In the first normal form (1NF) of SQL tables, one shouldn't have repetition of values and columns should have atomic values.
I have a table where I have columns StartDate | EndDate | Duration.
StartDate has value 01/01/2000 and EndDate 03/03/2003, so the duration is 2 dates, 01/01/2000 - 03/03/2003, using the same two values that are in the StartDate and EndDate fields.
Do I get rid of the Duration column completely and assume that one is able to find the info with queries, or is there a way to normalize this to follow the rules without losing any data?
I noticed this problem in the 3NF point when I separated these 3 columns to another table from the other information.
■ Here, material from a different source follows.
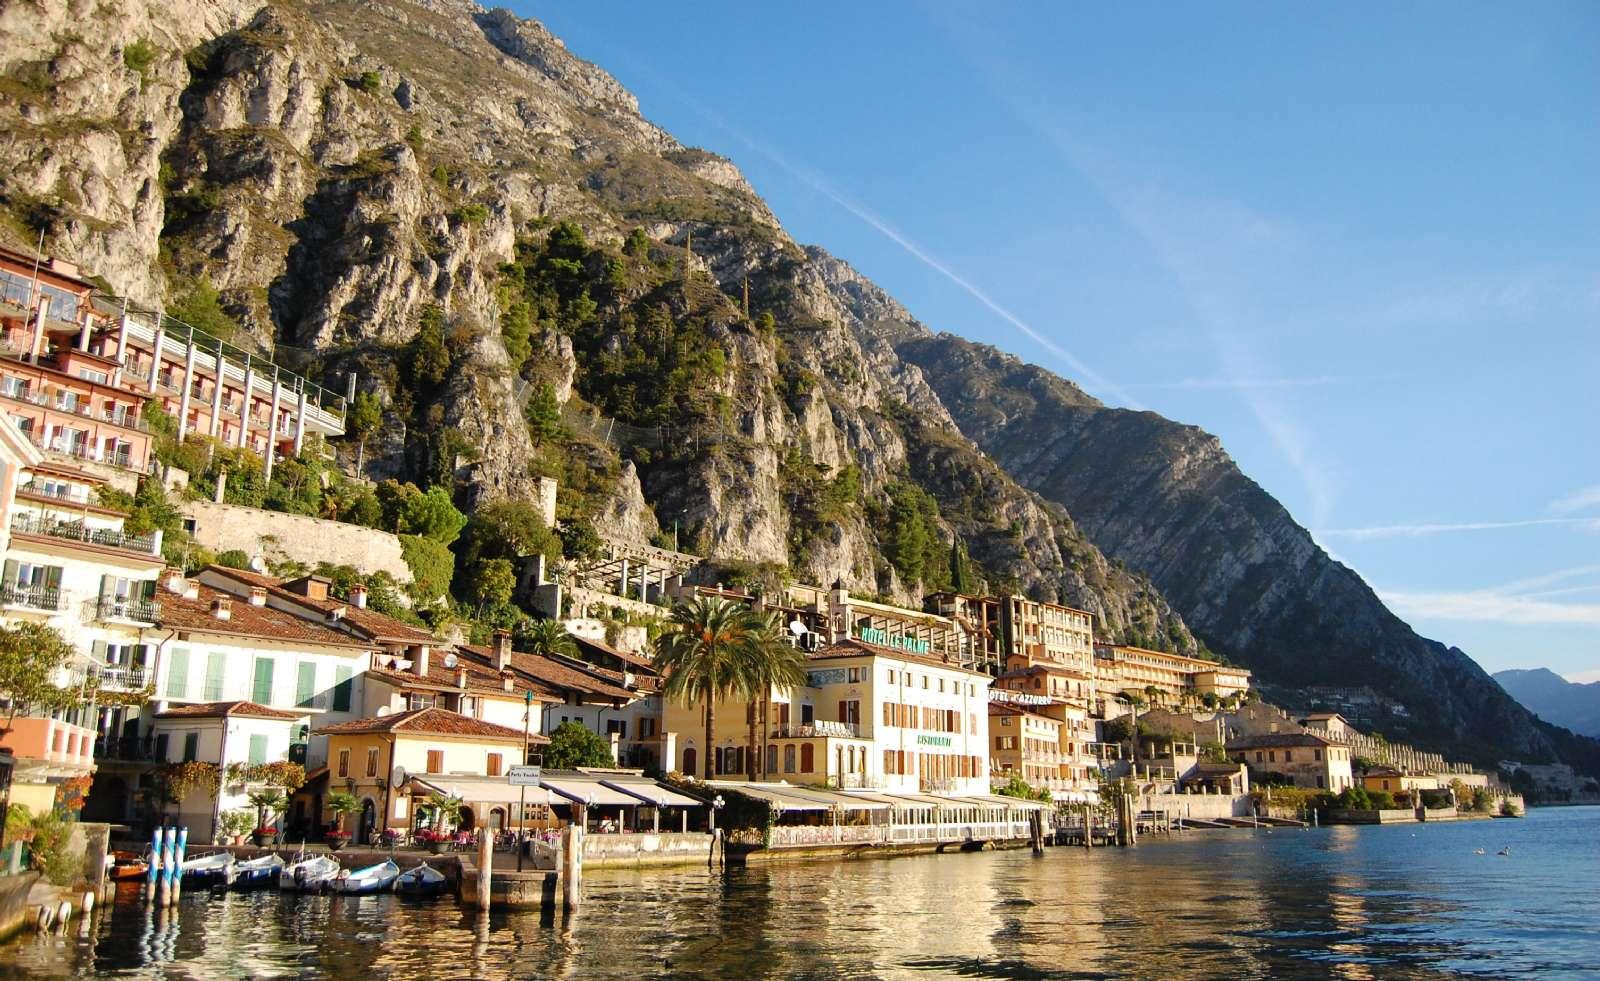 Limone sul Garda i solskin på bredden af Gardasøen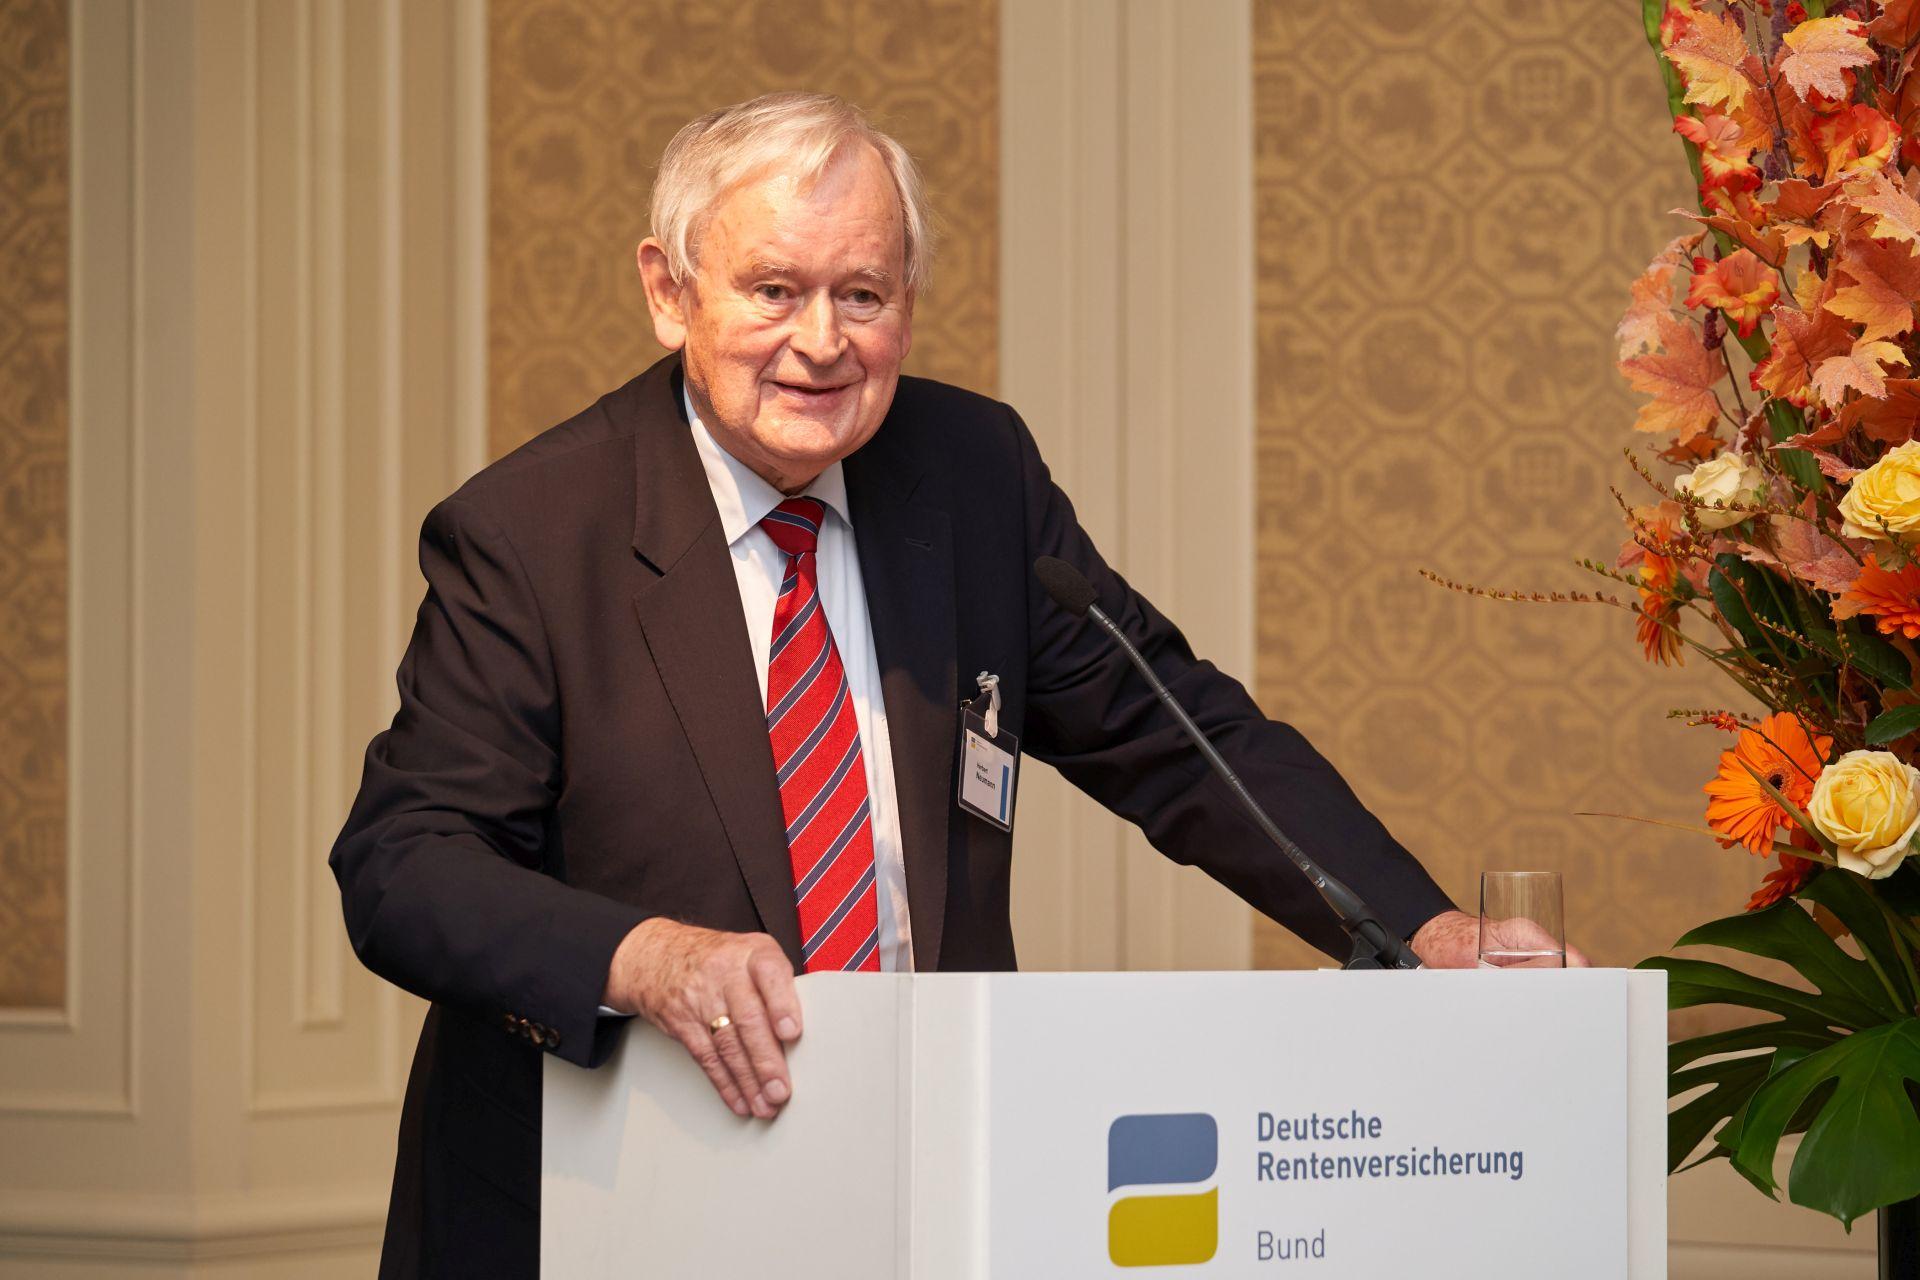 Herbert.Neumann_am_Pult

Should this be done way before that?
If StartDate and EndDate are just the dates from Duration, then it functionally determines them, and the two of them together functionally determine it. So normalization (preserving FDs (functional dependencies)) to a high enough normal form will make you separate the three of them into a separate table.
But clearly it is enough to have either {Duration} or {StartDate, EndDate} as a subset of your columns. If you add another of the attributes, it's redundant. Normalization can't help with that, because it only removes redundancies where a table can be replaced by projections of it that join to it.
Generally speaking it is better to store interval end points. The general idea in relational design is to have a column for any part of some thing that you might want to query about separately. Learn about computed/calculated columns if you want to control this kind of redundancy.
PS 1 See this answer re 'atomicity'.
PS 2. Normalization is not done by moving through normal forms to the highest wanted. (Which should be 5NF, then for certain reasons one can denormalize. Normalizing to lower normal forms can exclude good higher-level designs from arising. Find the algorithms for normalizing to 3NF or BCNF.